▶ _Assigned task_
Word for word, copy the listing below and leave out its images.

▶ _Supplied data_
##########
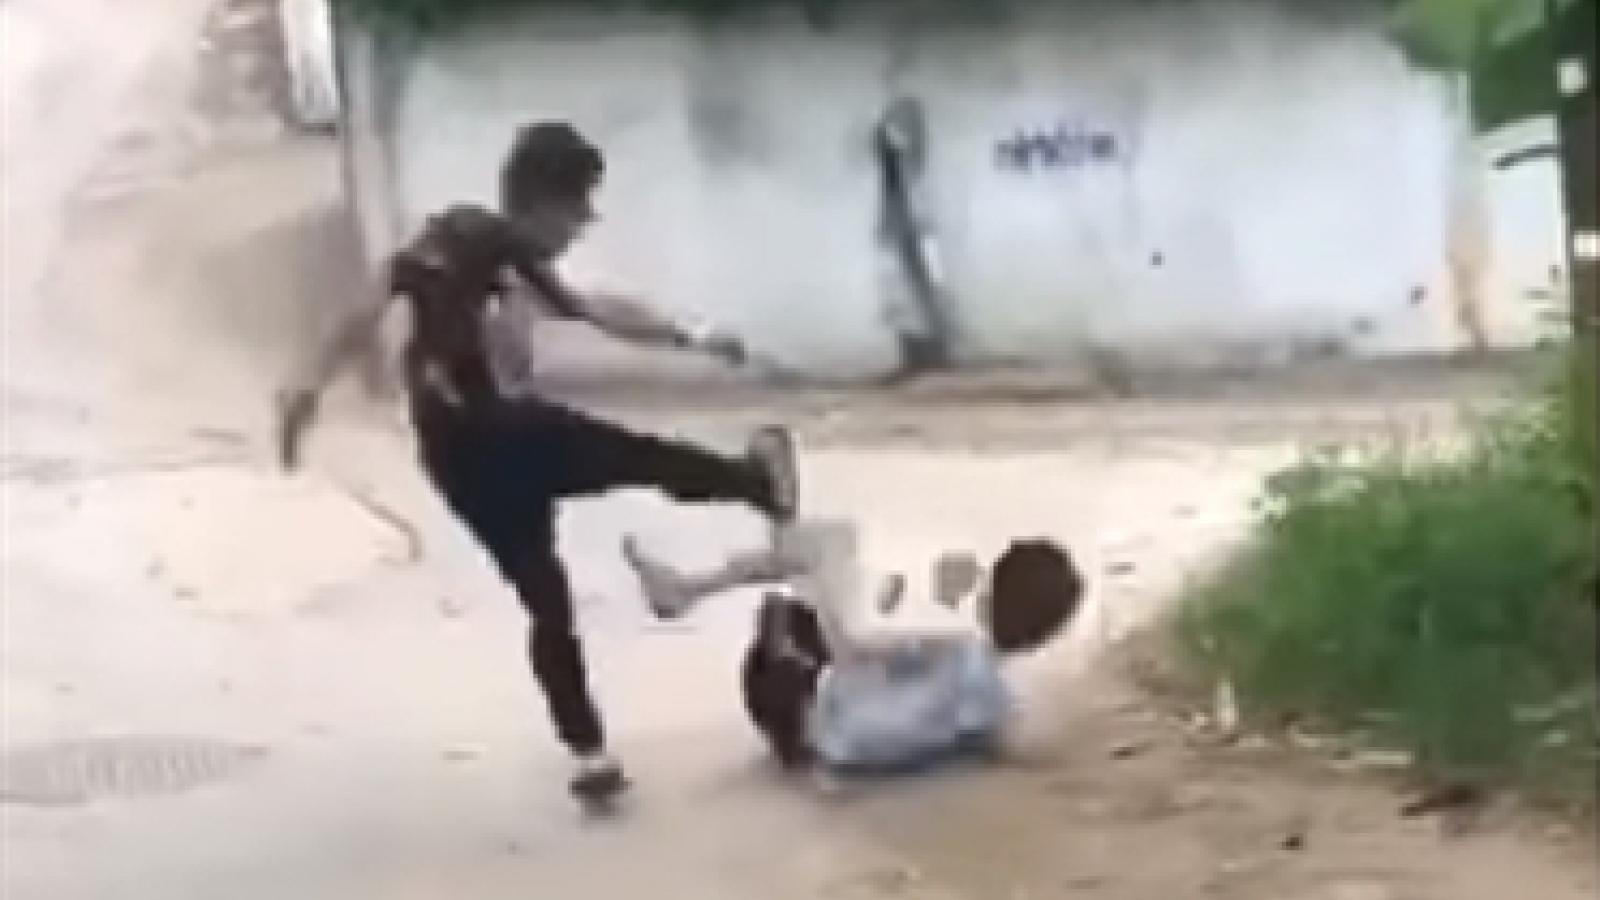 Tạm giữ nam sinh hành hung dã man người khác ở Phú Thọ
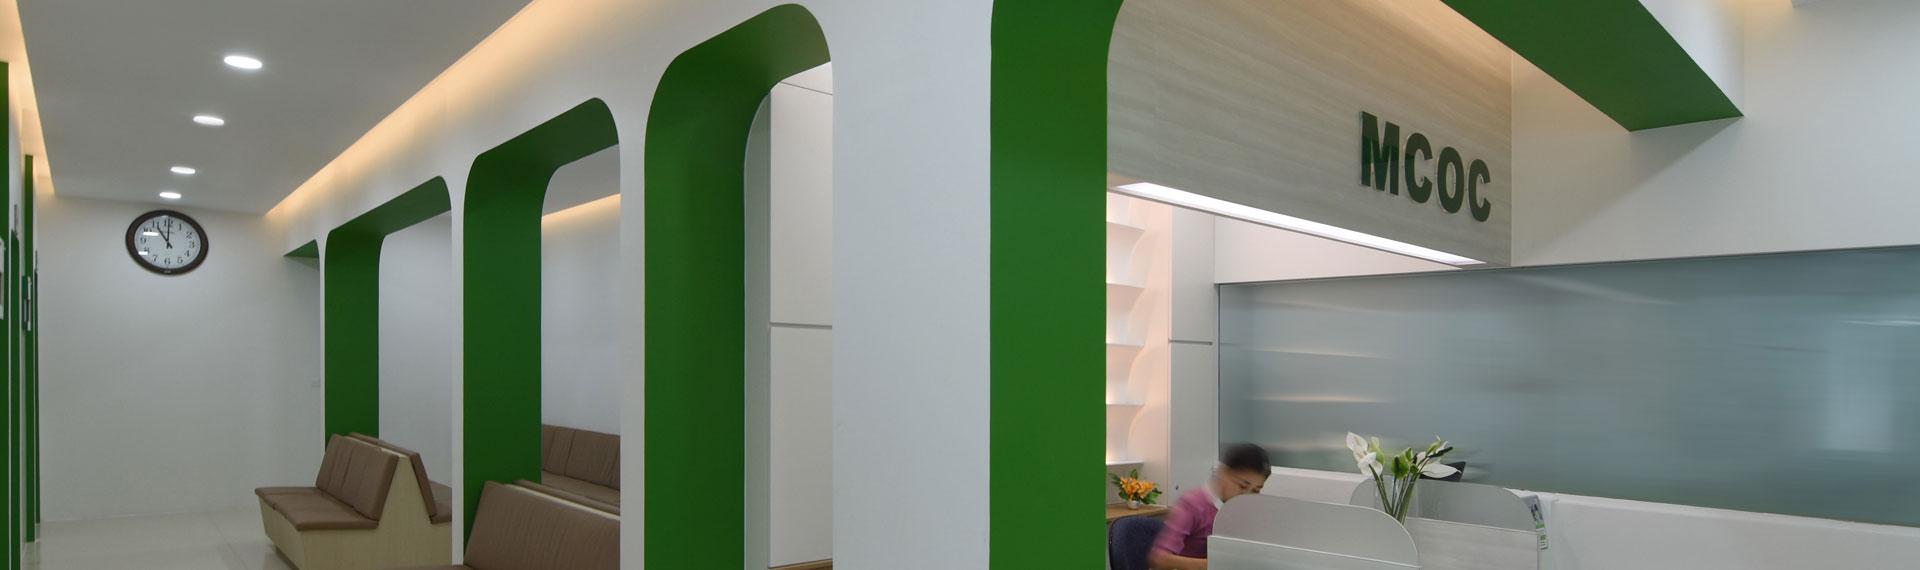 Nina Design Build Architecture Interior Design Myanmar
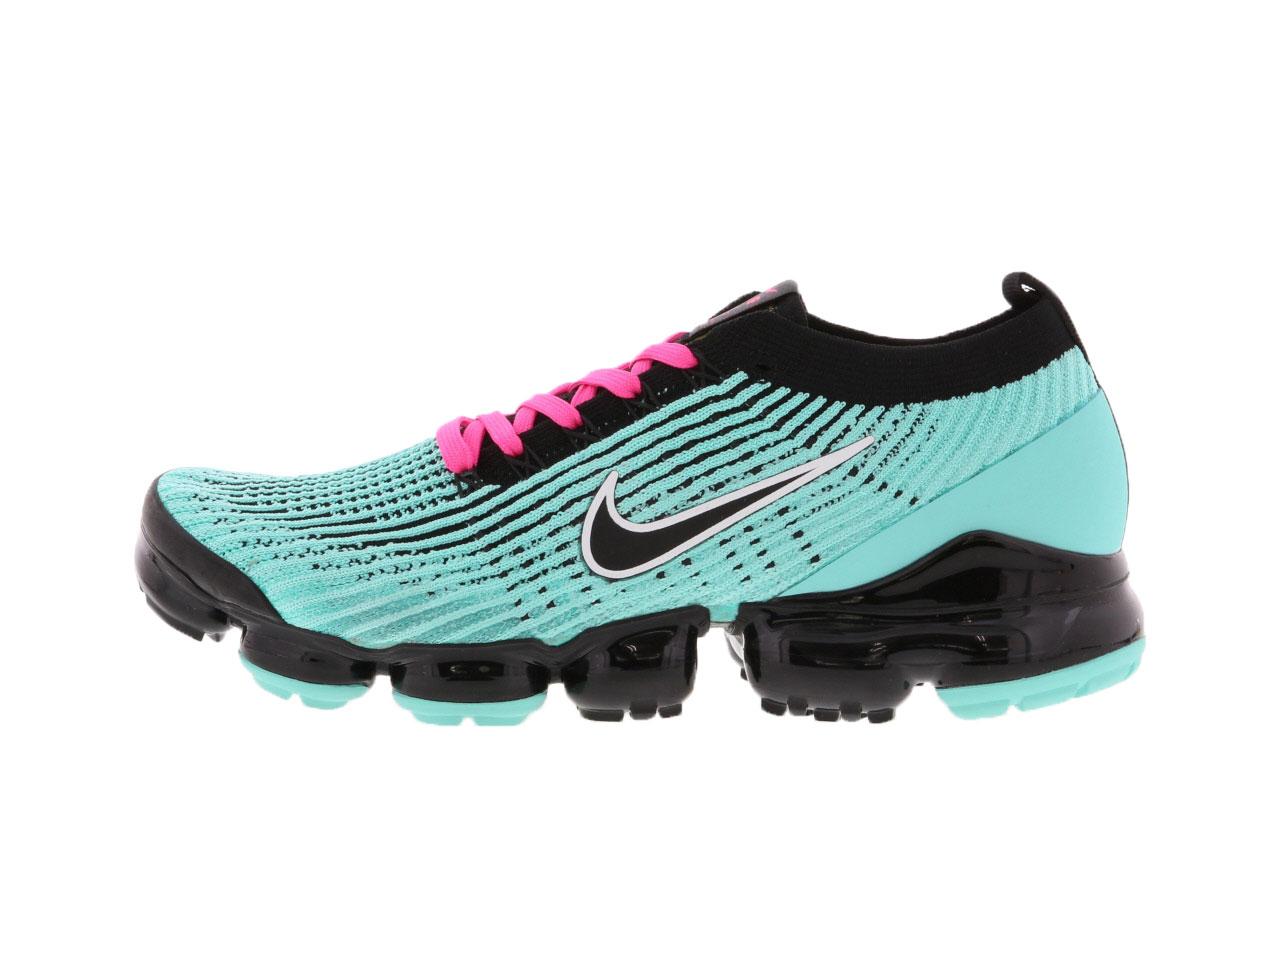 【OUTLET特価】NIKE AIR VAPORMAX FLYKNIT 3(AJ6900-323)【ナイキ】【メンズファッション】【シューズ】【スニーカー】【靴】【フットウェア】
##########
▶ _Expected answer_
 Tạm giữ nam sinh hành hung dã man người khác ở Phú Thọ
 Nina Design Build Architecture Interior Design Myanmar
 【OUTLET特価】NIKE AIR VAPORMAX FLYKNIT 3(AJ6900-323)【ナイキ】【メンズファッション】【シューズ】【スニーカー】【靴】【フットウェア】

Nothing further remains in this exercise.